Мы досидели часов до одиннадцати - час, в который обыкновенно мы давно уже спали; матушка спохватилась и начала отправлять нас спать.
- Устинья, а Марфиньке постлали? - кликнула она няньку. - Где ей - с Совей постлали?.. Ну, идите, прощайте! И то засиделись, - сказала она.
Мы разошлись.
С этого вечера мы иначе как-то начали смотреть на Марфиньку. Мы и прежде ее любили и были хороши с нею; но прежде мы брали ее под свою защиту, покровительствовали ей: "она была жалкая", - мы все думали и боялись, как бы ее кто не обидел; теперь, после ее разговора с матушкой, при котором мы присутствовали и который так и остался у нас в памяти со всеми своими особенностями и со всем, что было для нас нового в нем, она выросла вдруг как-то в наших глазах. Мы почувствовали, что она даже как будто сильнее нас, самостоятельнее... Она может, если захочет, то-то сделать и то-то.

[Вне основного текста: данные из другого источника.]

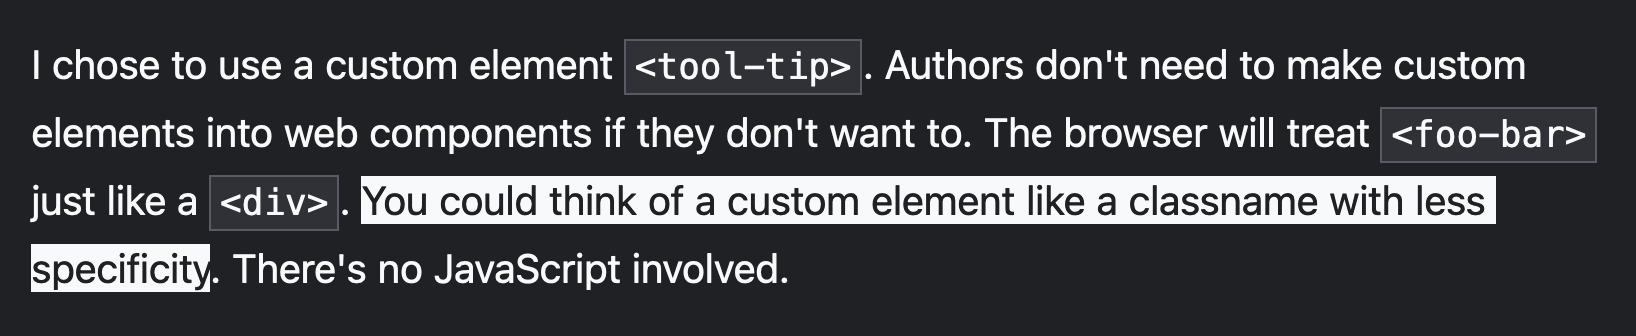 I chose to use a custom element 'tool-tip'. Authors don't need to make custom elements into web components if they don't want to. The browser will treat 'foo-bar' just like a 'div'. You could think of a custom element like a classname with less specificity. There's no JavaScript involved.
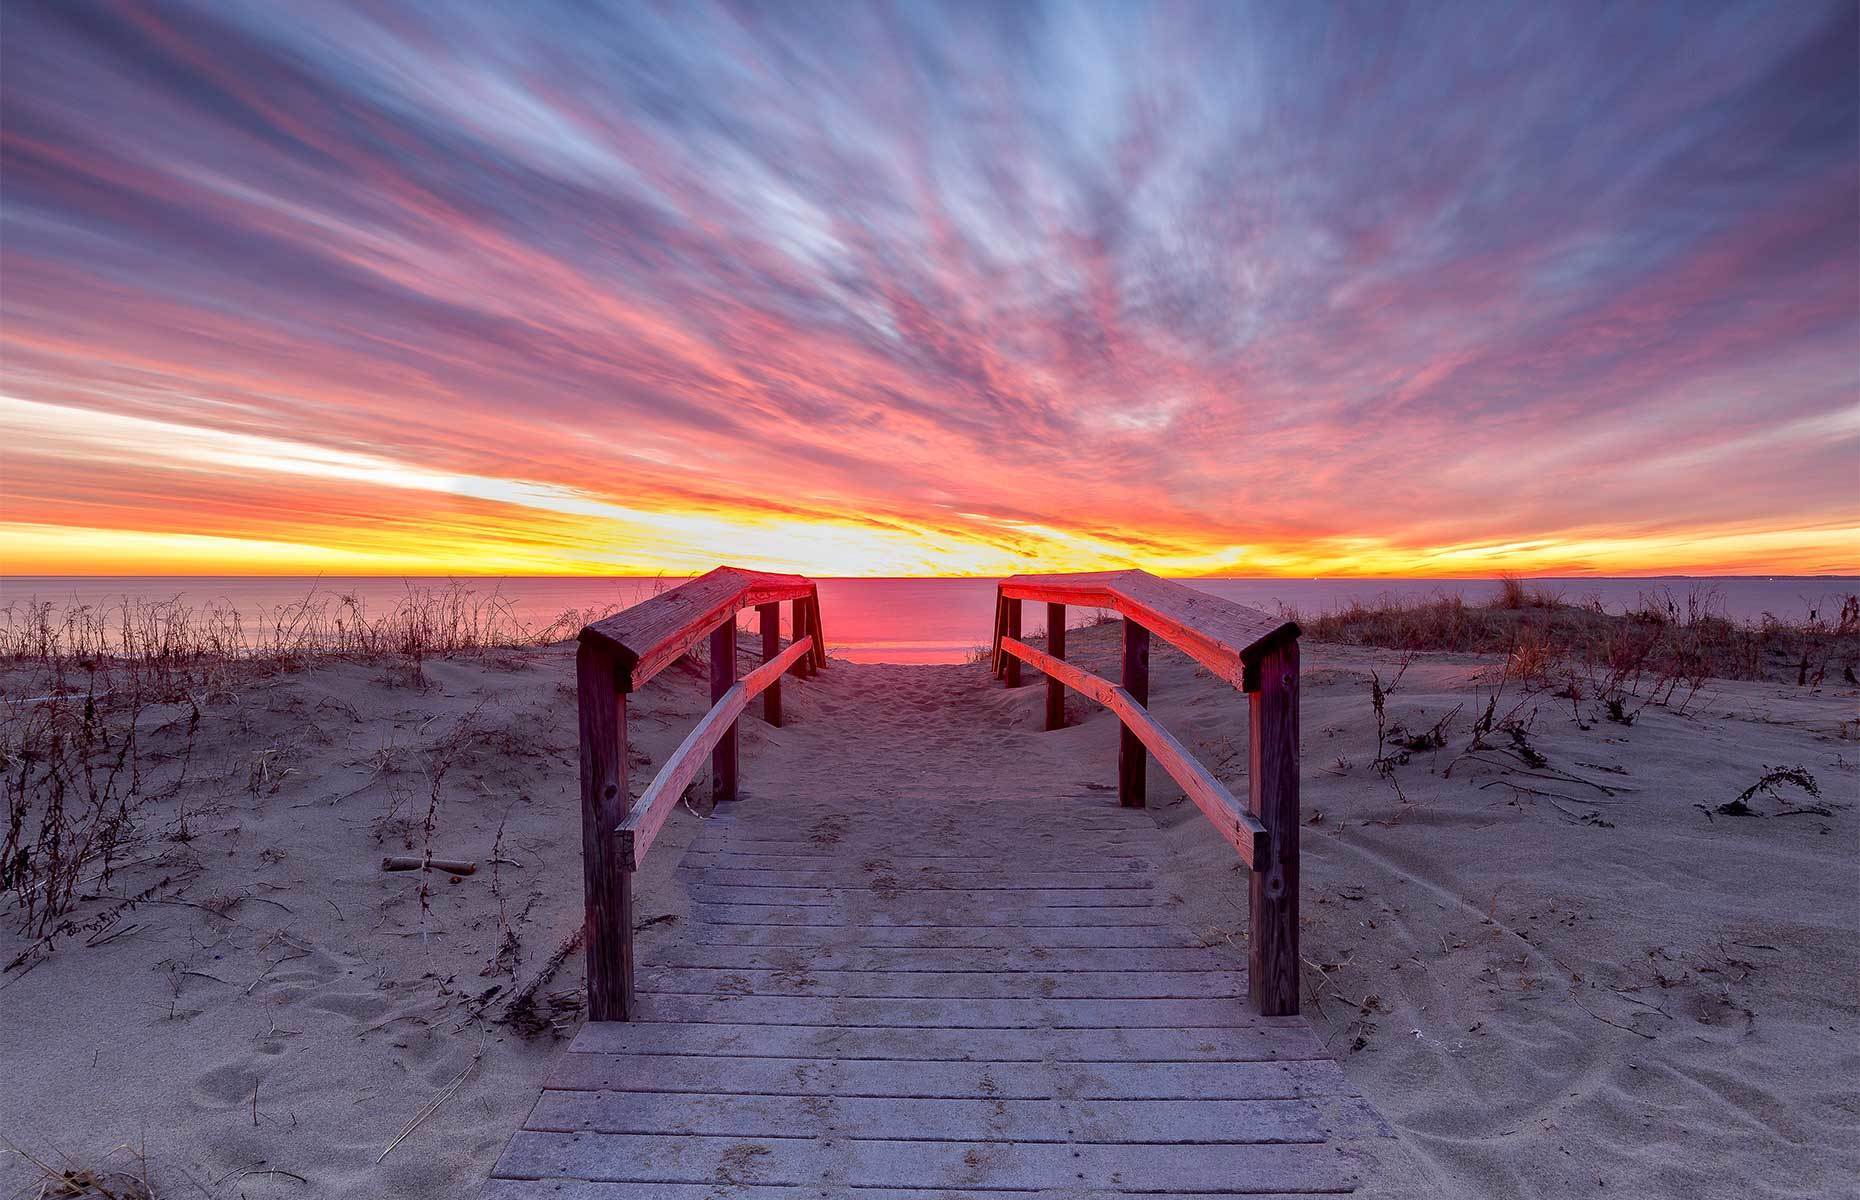 <p class="p1"><span>Catching a sunset in person on Plum Island is nothing short of amazing. Sunrises are just as spectacular. Take advantage of your visit to this island near Newburyport to relax on its lovely beach.</span></p>

Она, пожалуй, может уйти даже от Анны Степановны. Она ее слушается пока, даже скучно-лениво повинуется ей, исполняет ее глупые приказания, но раз она ей почему-нибудь надоест или обидит ее - она возьмет и уйдет от нее. Куда? У нее в городе есть отец, знакомые и приятельницы ее матери... А мы этого ничего не можем сделать. Мы бы, конечно, сами испугались, если бы нам сказали: "Идите куда хотите", и мы этого не желали, но в ее самостоятельности или, может, взрослости было что-то необъяснимо-заманчивое для нас и завидное. И это же самое делало ее в наших глазах и авторитетной. Она не знает ни по-французски, ни по-немецки, едва умеет писать, читает даже плохо, но она зато знает то, о чем мы и понятия не имеем, и с нею матушка говорит об этом совершенно серьезно. Спрашивает ее, та отвечает. Ни о чем подобном с нами она никогда не начинала даже говорить. Да и что бы мы и ответили ей? С нею же она говорит как с взрослой. Не совсем, положим, как с взрослой, а все-таки не так, как с нами. Ничего, что это, о чем они говорят, все то же и такое же, о чем она, матушка, говорит и с Устиньей-нянькой, с ключницей Феклой, - главное, что они говорят о деле, о серьезном, а с нами только или о классах, или о гуляньях и катаньях. С ней можно даже советоваться, и она сама советует и совершенно серьезно, знает, что ее совет мимо ушей не пропустят, как наши, например, и не скажут: "это не твое дело", "не приставай", "ступай, играй лучше".
Мы отучились; идем гулять; Марфинька с нами. Поздней осенью в саду пустынно, совсем уже скучно. Листья осыпались, никого нет - ни души. Только дрозды трещат на облетевших, пустых ветках высоких берез, кленов. Осенью поэтому,-когда попозднее - мы ходили гулять больше туда, где была еще жизнь, гуляли по двору, ходили гулять на выгон - там проезжают лошадей; на гумно - там молотят хлеб: рожь, пшеницу, овес. А то и так ходим возле дома, смотрим, где что-нибудь делают: строят, рубят, заготовляют что-нибудь на зиму: солят, мочат.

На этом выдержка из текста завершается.